Willie Wildgrube: „Mit dem Ende von Legida kam erstmal die Erleichterung. Wirklich groß war die aber nicht. Das Ziel, mit dem „Leipzig nimmt Platz“ 2009 gegründet wurde, bleibt unabhängig von Legida bestehen. Heißt: Nazidemos verhindern.

Die Beteiligung daran hat immer geschwankt. Direkt am Anfang war das Aktionsnetzwerk sehr breit aufgestellt. 2012 gab es eine NPD-Tour namens „Flaggschiff“ mit mehreren Gegenaufrufen. In unserem Verteiler haben wir etwa 150 Adressen von Gruppen, Netzwerken und Einzelpersonen für Aktionen. Als Legida kam, war es ein großes Glück, dass diese Strukturen schon da waren. Gerade die Vernetzung von Kirchen und Gewerkschaften bis zu Antifa-Gruppen hat da viel ausgemacht.

Ich sehe drei Gründe, aus denen Protestbewegungen einbrechen. Erstens: Die zermürbende Wirkung. Du gehst immer wieder raus, machst deine Sitzblockaden und diese rassistischen Gruppierungen kommen trotzdem jeden Montag angetappelt. Da fragst du dich: „Warum mache ich das hier eigentlich?“ Zweitens: Die Strafverfahren. Es gibt aktuell keinen gemeinsamen Topf, mit dem Bußgelder bezahlt werden könnten. Wenn ich als junger Mensch 300€ Strafe zahlen muss – da kriegt man schon Angst. Und drittens: Die Vorwürfe aus der Zivilgesellschaft. Da heißt es häufig, dass Gruppen wie Legida erst durch den Gegenprotest am Leben gehalten werden.

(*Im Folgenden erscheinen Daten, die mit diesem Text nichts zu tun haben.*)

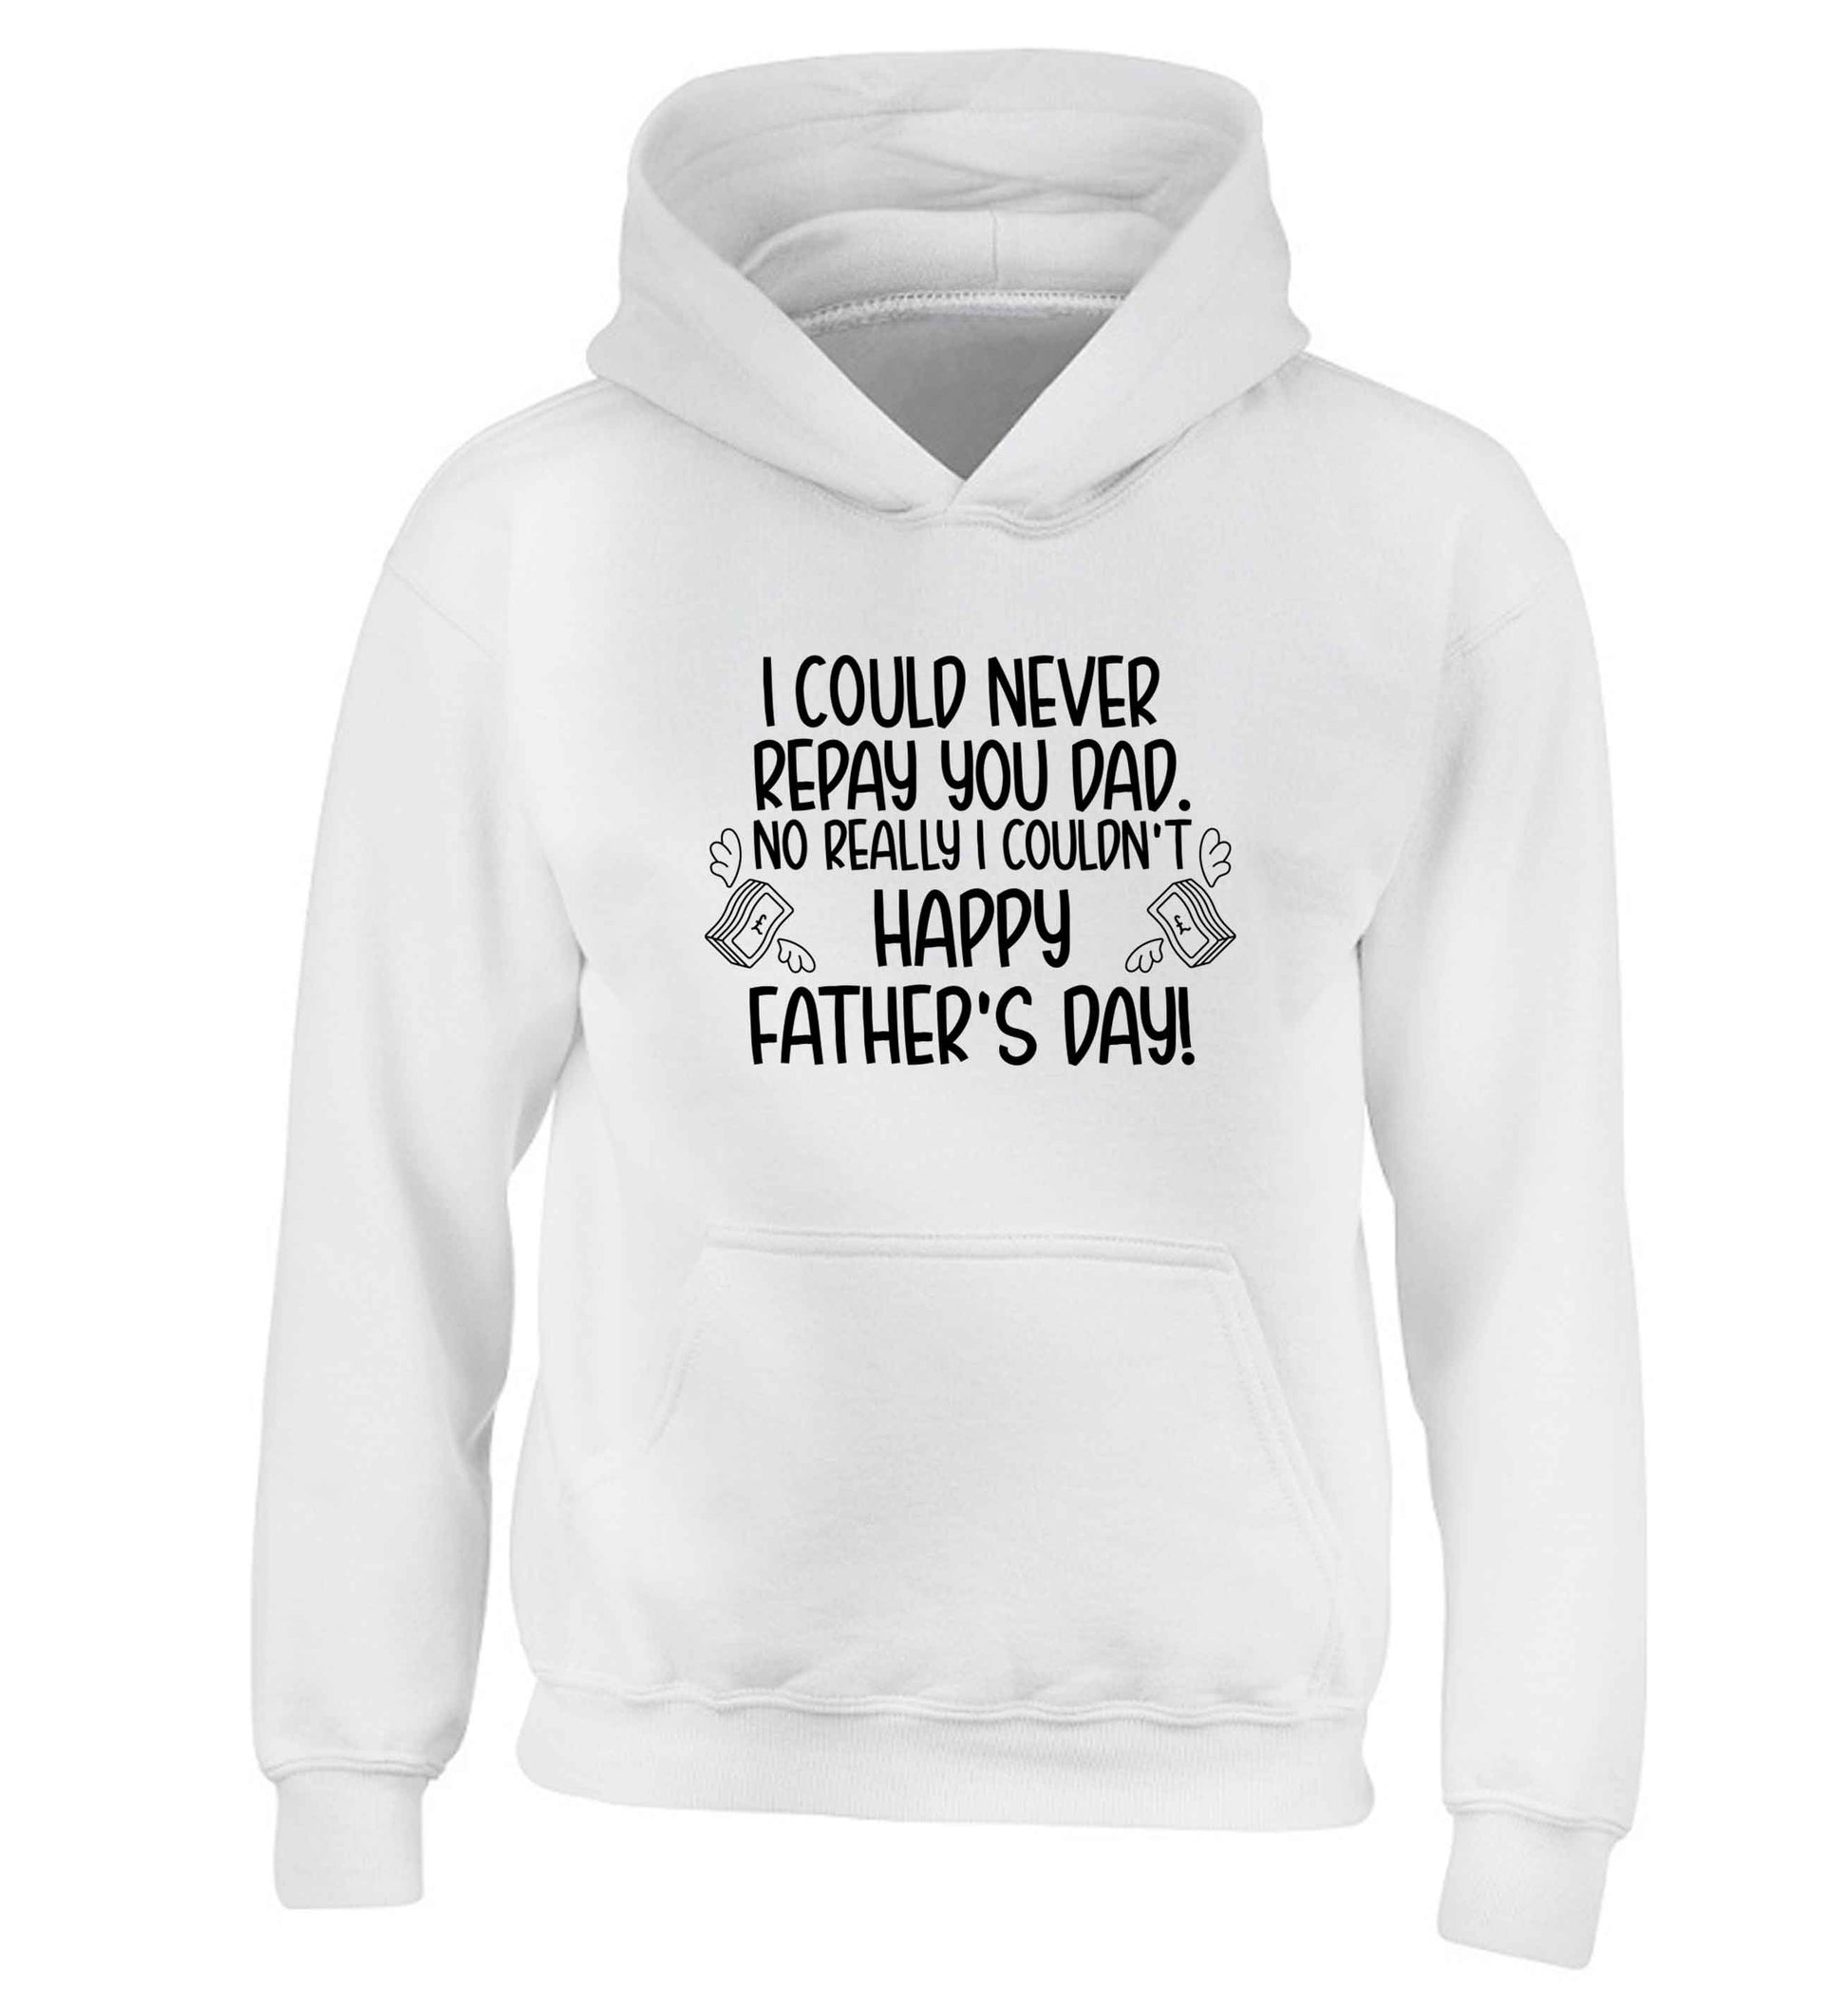 I could never repay you dad. No I really couldn't happy Father's day! children's white hoodie 12-13 Years

Seit 2014 waren wir in Daueranspannung. Ich bin der Meinung, dass das Aktionsnetz seine Strukturen nun nicht verschleißen sollte. Dann ist einen Monat lang halt mal nichts los. Nebenbei verfolgen wir einige andere strategische Sachen. Die Initiative „Druck machen“ ist aus dem Netz heraus entstanden und versucht, auf landespolitischer Ebene Änderungen herbeizuführen. Dann bereiten wir uns auf die Bundestagswahl vor. Angesichts der AfD ist das auch interessant. „Leipzig nimmt Platz“ hat mehrfach gespendet. Pausen sind schön und ja, wir haben jetzt gerade sowas wie eine Pause. Dadurch schaffen wir eben aber auch ganz viele andere Dinge.“

Willie Wildgrube, 48, ist in Leipzig geboren und engagiert sich seit 2014 beim Aktionsnetzwerk „Leipzig nimmt Platz“.